The API uses JWT bearer tokens with a method + path prefix authorization model. Tokens encode a list of allowed HTTP methods and path prefixes, keeping auth logic external to the API itself.

Token structure

Tokens carry two claims:

  • methods: List of allowed HTTP methods (e.g. ["GET", "POST"]) or ["*"] for all
  • prefixes: List of allowed path prefixes or glob patterns

Examples

Allow all access:

from ftm_lakehouse.api.auth import create_access_token

token = create_access_token(methods=["*"], prefixes=["/"])

Read-only access:

token = create_access_token(methods=["GET", "HEAD", "OPTIONS"], prefixes=["/"])

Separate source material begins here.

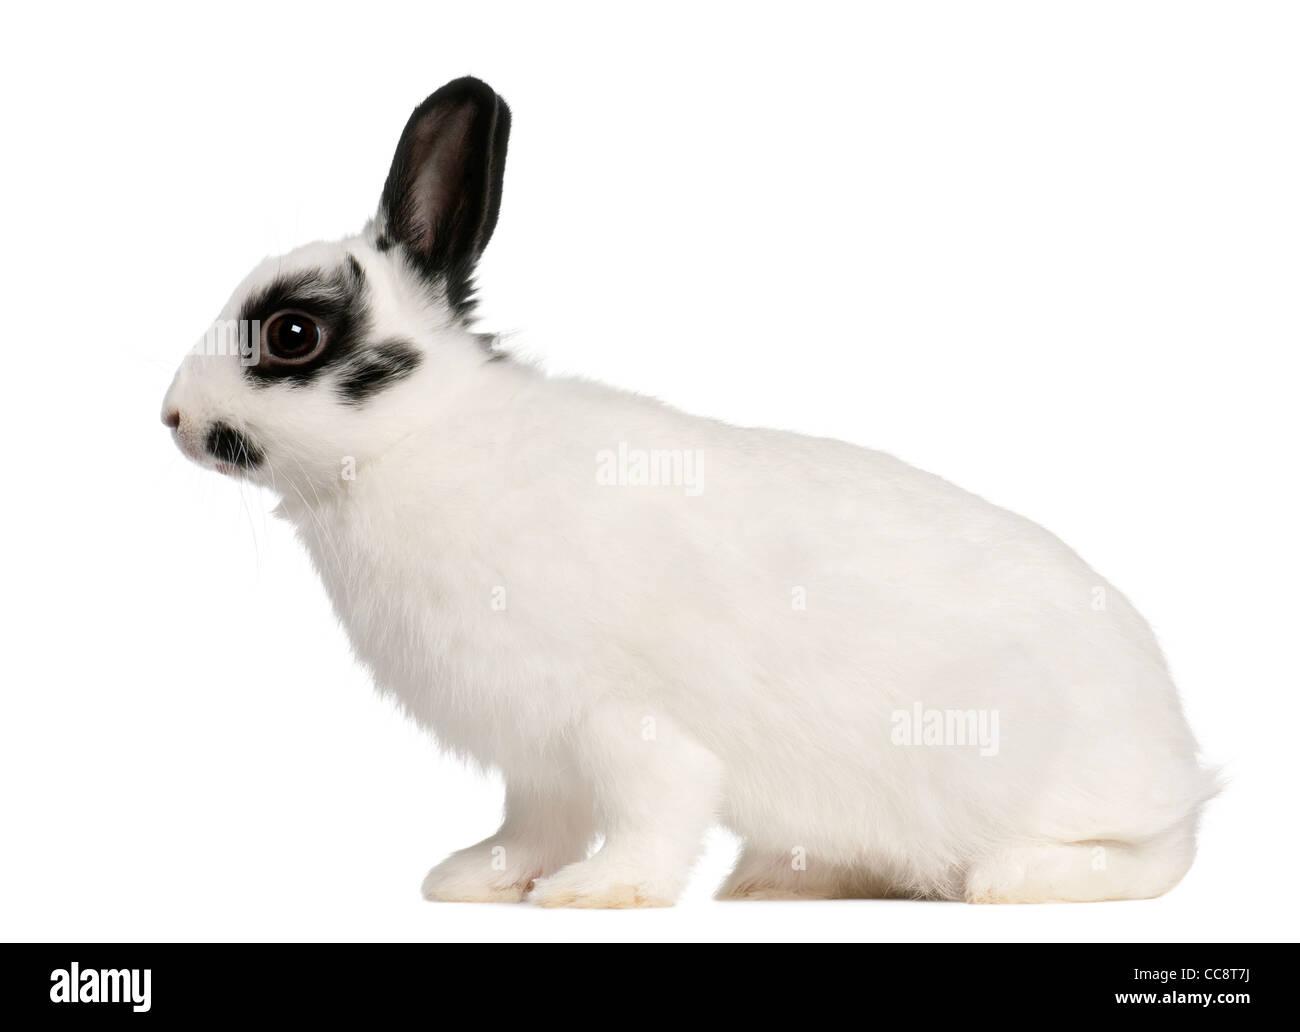 Coniglio dalmata, 2 mesi di età, oryctolagus cuniculus, seduto di fronte a uno sfondo bianco Immagini Stock

Scoped to a dataset's archive:

token = create_access_token(methods=["*"], prefixes=["/my_dataset/archive/"])

Glob pattern matching:

token = create_access_token(methods=["*"], prefixes=["/*/tags"])

Routes

Storage

The base storage routes are provided by anystore and expose raw key-value access to the underlying lakehouse store. All keys are path-based -- for example, my_dataset/archive/ab/cd/ef/{checksum}/blob addresses a file blob.

Method Path Description
GET /{key:path} Retrieve a stored value by key
GET /{prefix:path}?keys=true List all keys under a prefix
GET /{prefix:path}?keys=true&glob=*.json List keys matching a glob pattern
HEAD /{key:path} Get metadata (size, content type, timestamps)
HEAD /{key:path}?checksum=true Get metadata with checksum in x-anystore-checksum header
PUT /{key:path} Store a value (request body streamed directly to storage)
DELETE /{key:path} Delete a value
PATCH /{key:path} Touch a key (update its timestamp)

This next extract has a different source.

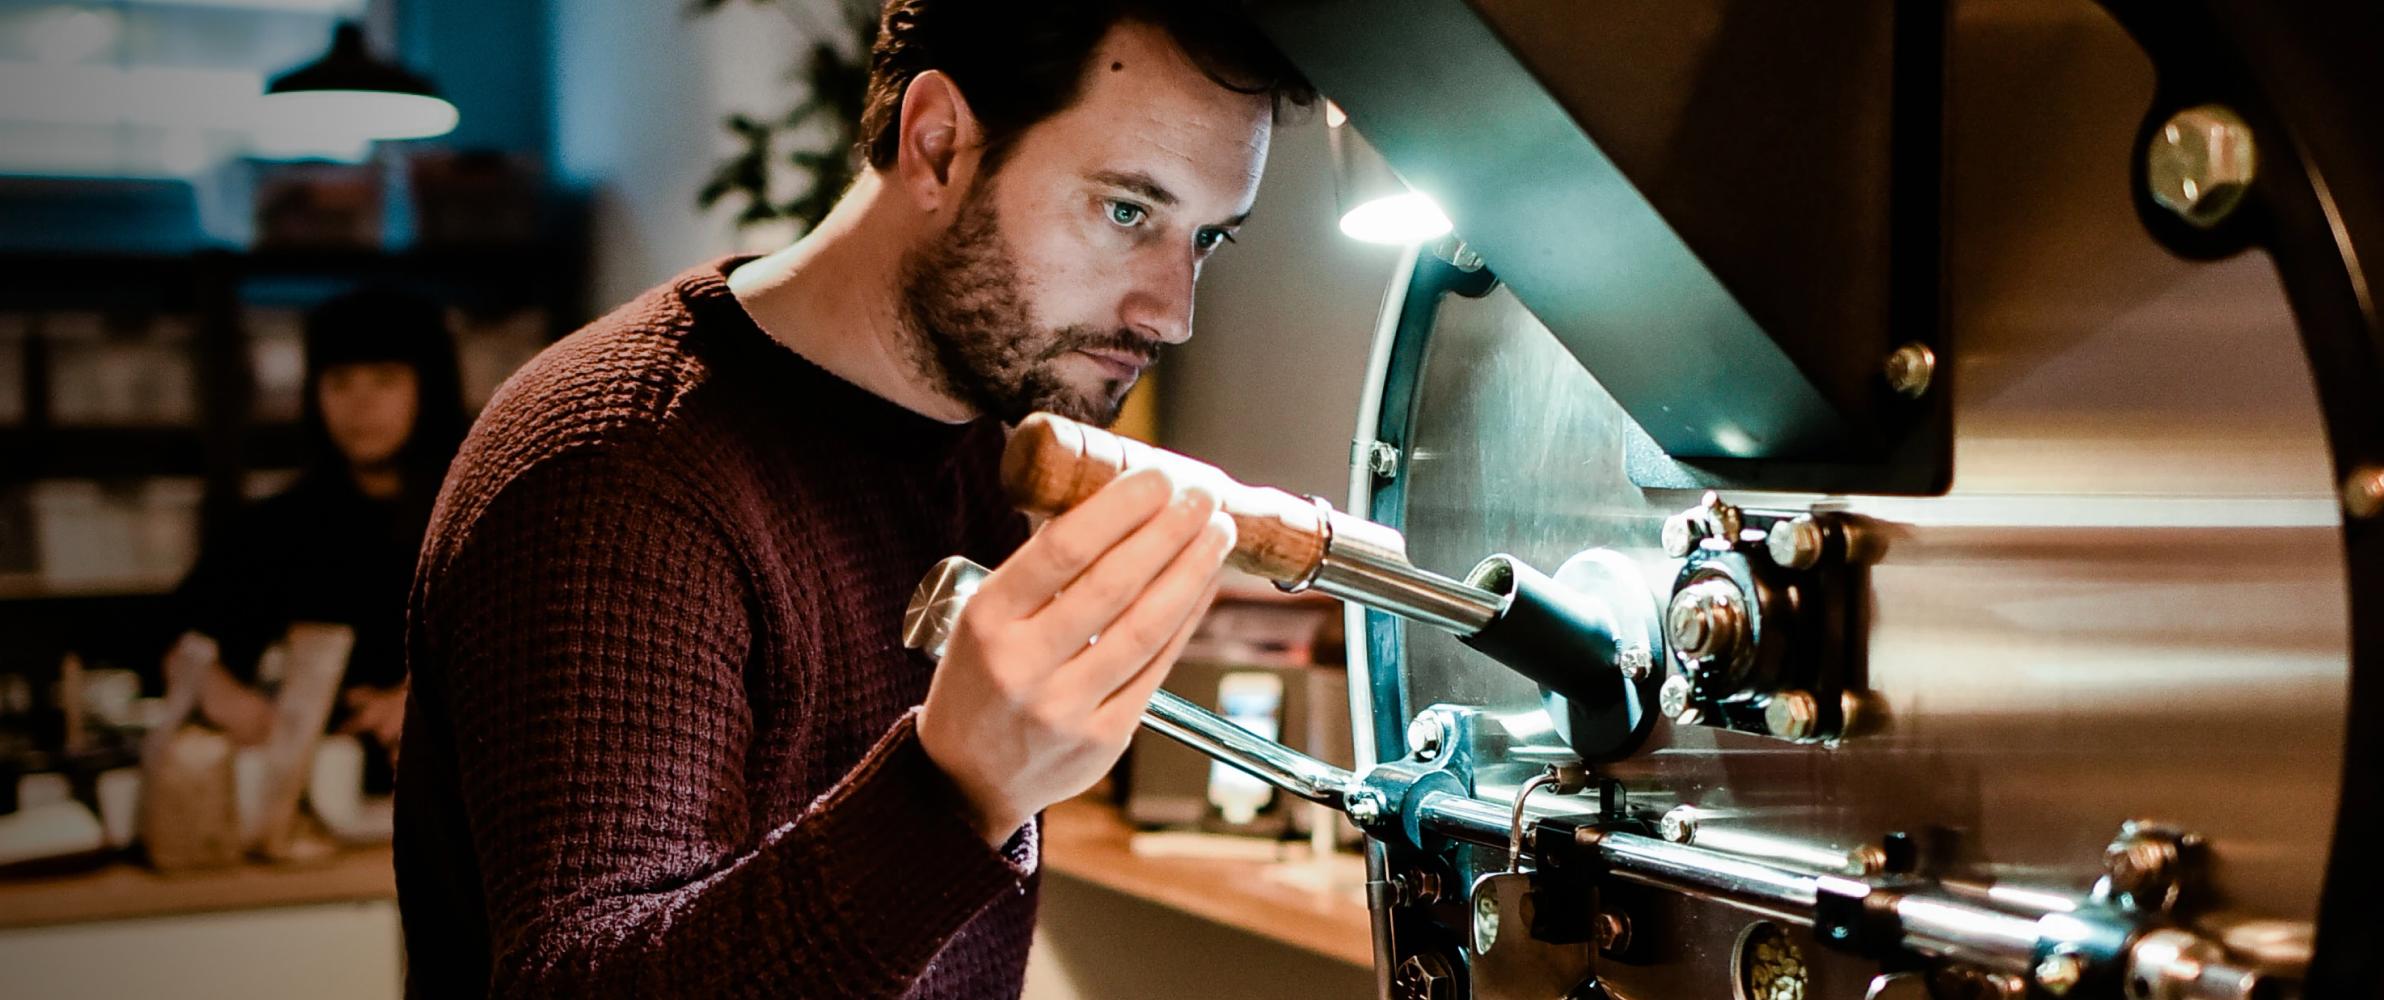 Mathieu at work

GET supports HTTP range requests via the Range header (e.g. Range: bytes=0-1023) and returns 206 Partial Content with the requested byte range.

Response headers include Content-Length, Content-Type, Accept-Ranges, Last-Modified, and x-anystore-* metadata fields.

Journal

Method Path Description
POST /{dataset}/journal/bulk Write TSV rows into the journal
GET /{dataset}/journal/iterate Stream all journal rows as TSV
POST /{dataset}/journal/flush Stream and delete journal rows
GET /{dataset}/journal/count Get journal row count
DELETE /{dataset}/journal/clear Delete all journal rows

Operations

Method Path Description
POST /{dataset}/_operation Run a job operation on a dataset

The request body must be a serialized DatasetJobModel with a name field identifying the operation:

{
    "name": "CrawlJob",
    "source": "s3://bucket/path"
}

Available operations:

Job name Description
CrawlJob Batch file ingestion from a source URI
OptimizeJob Compact parquet files, optional vacuum and translog apply
ExportStatementsJob Export to statements.csv
ExportEntitiesJob Export to entities.ftm.json
ExportStatisticsJob Export to statistics.json
ExportDocumentsJob Export to documents.csv
ExportIndexJob Export index.json with resources
MappingJob Process a CSV mapping configuration
RecreateJob Rebuild parquet store from exports
DownloadArchiveJob Export archive files to original paths
MakeJob Full workflow: flush + all exports

Pass ?force=true to skip freshness checks.